Would a right triangle with bases $a=i$ and $b=1$ have hypotenuse $c=0$?

Question

Suppose we have a right angle triangle with $a$ and $b$ as bases and $c$ as the hypotenuse, letting $$a=i$$$$b=1$$ Wouldn't the hypotenuse then be$$i^2+1=0$$ I am finding it hard to understand how this may be possible since the hypotenuse by definition is the longest side of a right angled triangle, how could this be, perhaps this exists for a non euclidean geometry?

Answer 1

$i$ is an imaginary number $i=\sqrt{-1}$

Such a right triangle with legs $a=i, \ b=1$ doesn't exist.

because side of right triangle can't be imaginary i.e. $a\ne i$

all the sides of an existing triangle must be positive real numbers.

Answer 2

It doesn't exist, because a triangle must be defined as having side lengths of positive real numbers (even $-1$ wouldn't count, let alone imaginary numbers).

If you are talking about the triangle formed by $0\leq x\leq 1$, and $0\leq y \leq i$ on the Argand Diagram, that has side lengths of $1$ and hypotenuse $\sqrt 2$

Answer 3

As Shiva Venkata said, a triangle with imaginary sides does not exist, normally. Within Euclidean space this makes sense. However, if we bend our notions of distance to accomodate alternative geometries, such as the Lorenzian/Minkowski geometry used in the special theory of relativity, then the question makes sense.

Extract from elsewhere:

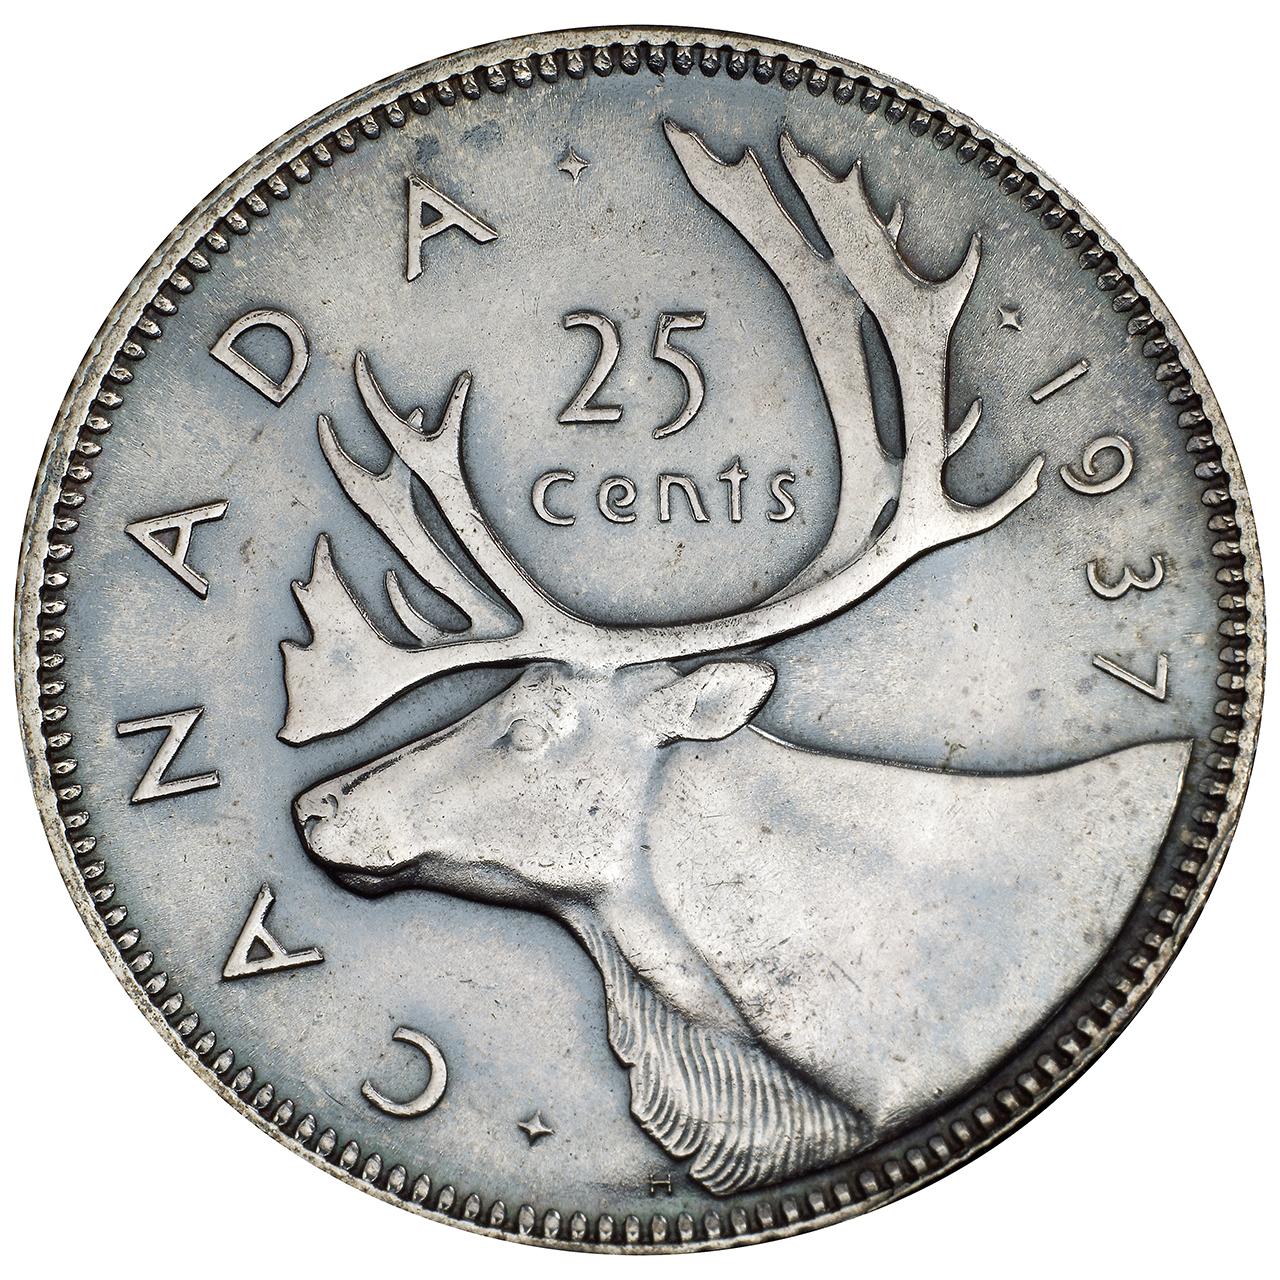 1937 quarter
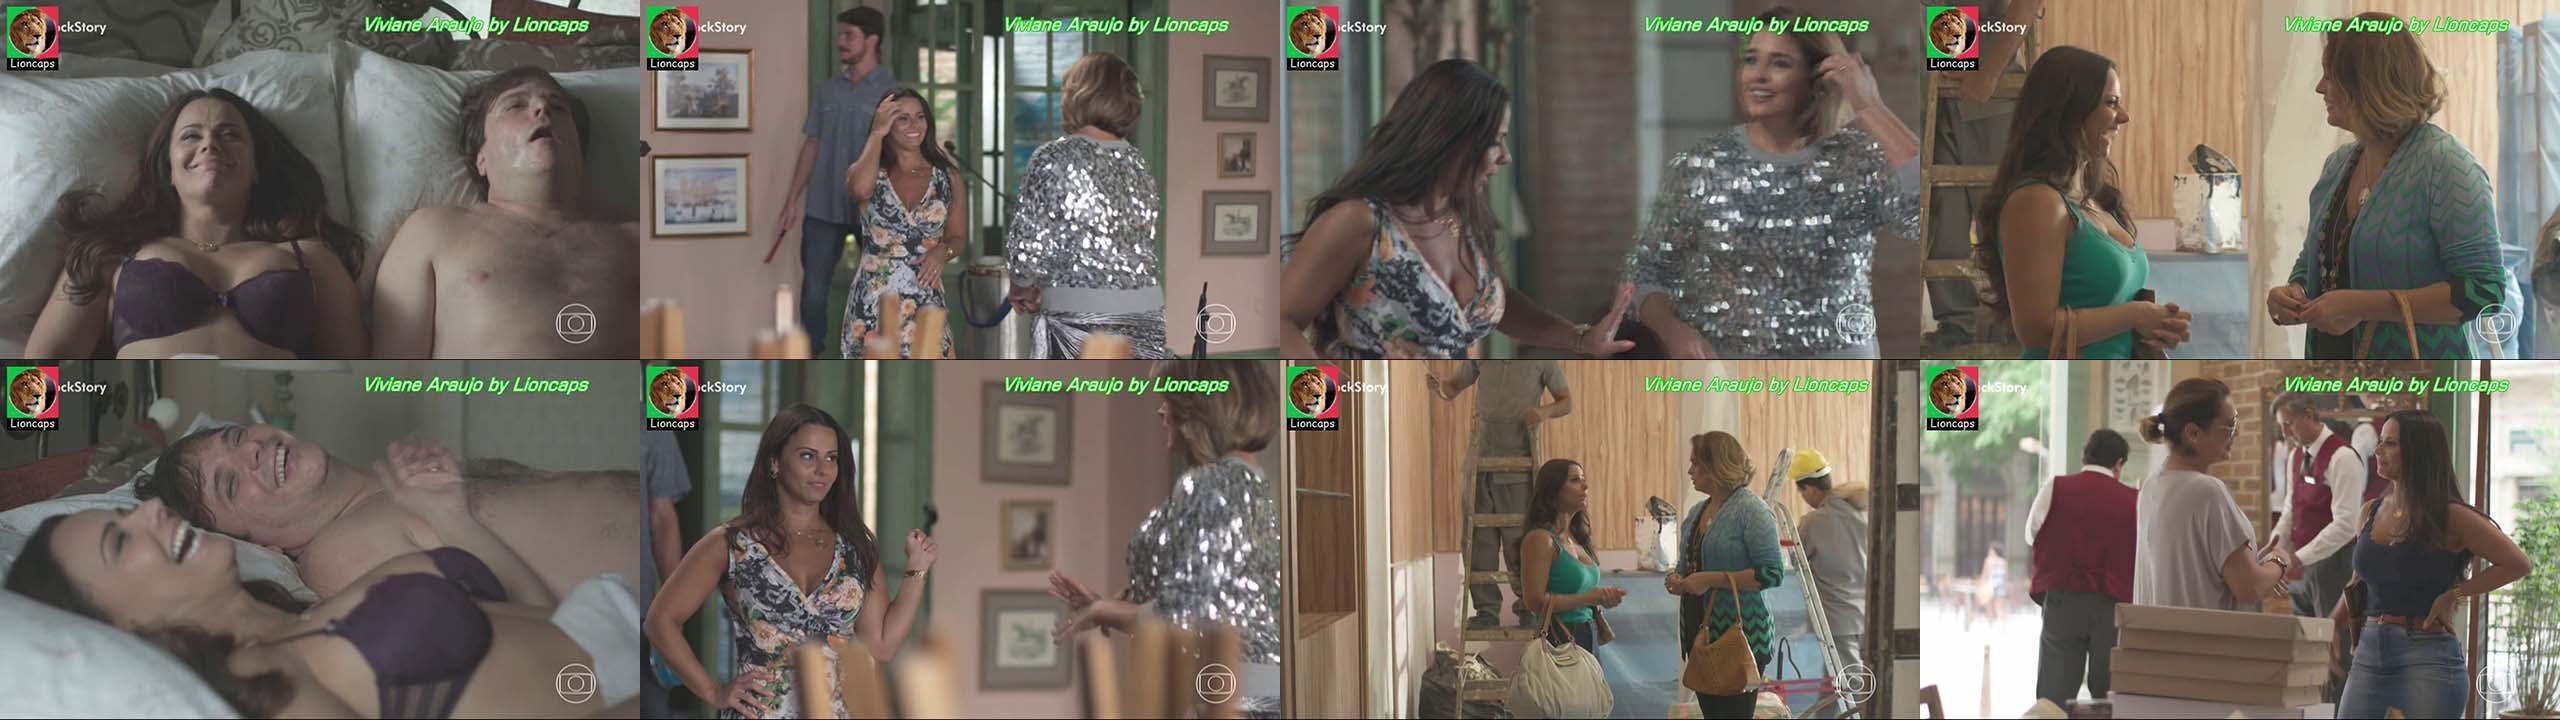 391696255_viviane_araujo_rock_story_1080_lioncaps_16_03_2018_20_122_88lo.jpg

Suppose you're sitting a meter apart from your friend Marie. Creating a spacetime diagram from your reference frame, at an arbitrary starting point $t=0$ you're at the origin and she's at $(ct,x)=(0,1)$. At this moment you decide to take a picture with the flash on, sending a cascade of photons that hit Marie's eyes after $1/c$ seconds. Hence, the flash illuminates her face at the event $(ct,x)=(1,1)$.

So we have three events:

• A: The flash at $(0,0)$
• B: An unilluminated Maria at $(0, 1)$
• C: An illuminated future Maria at $(1,1)$

Let's compute the spacetime interval, i.e. distance squared, between them. For points $P,Q$ this is

$$\ell^2_{PQ} = -(P_t - Q_t)^2 + (P_x - Q_x)^2$$

• $\ell^2_{AB} = -(A_t - B_t)^2 + (A_x - B_x)^2 = -(0)^2+(1)^2 = 1$
• $\ell^2_{BC} = -(1)^2+(0)^2 = -1$
• $\ell^2_{CA} = -(1)^2+(1)^2 = 0$

This corresponds to the physically significant notion that A & B are spacelike-seprated, B & C timelike, and A & C lightlike. Taking the square-roots provides you with the actual distances between points, and therefore the lengths of the segments they define:

• $\ell_{AB} = 1$
• $\ell_{BC} = i$
• $\ell_{CA} = 0$

If we put all the events on a spacetime diagram, they would indeed form a triangle! In fact, they form a right-triangle with respect to this geometry, as $\bar{AB}$ and $\bar{BC}$ are actually still orthogonal in this non-Euclidean setting. With these segments serving as the legs, the segment $\bar{CA}$ is the hypotenuse, which does indeed have length zero.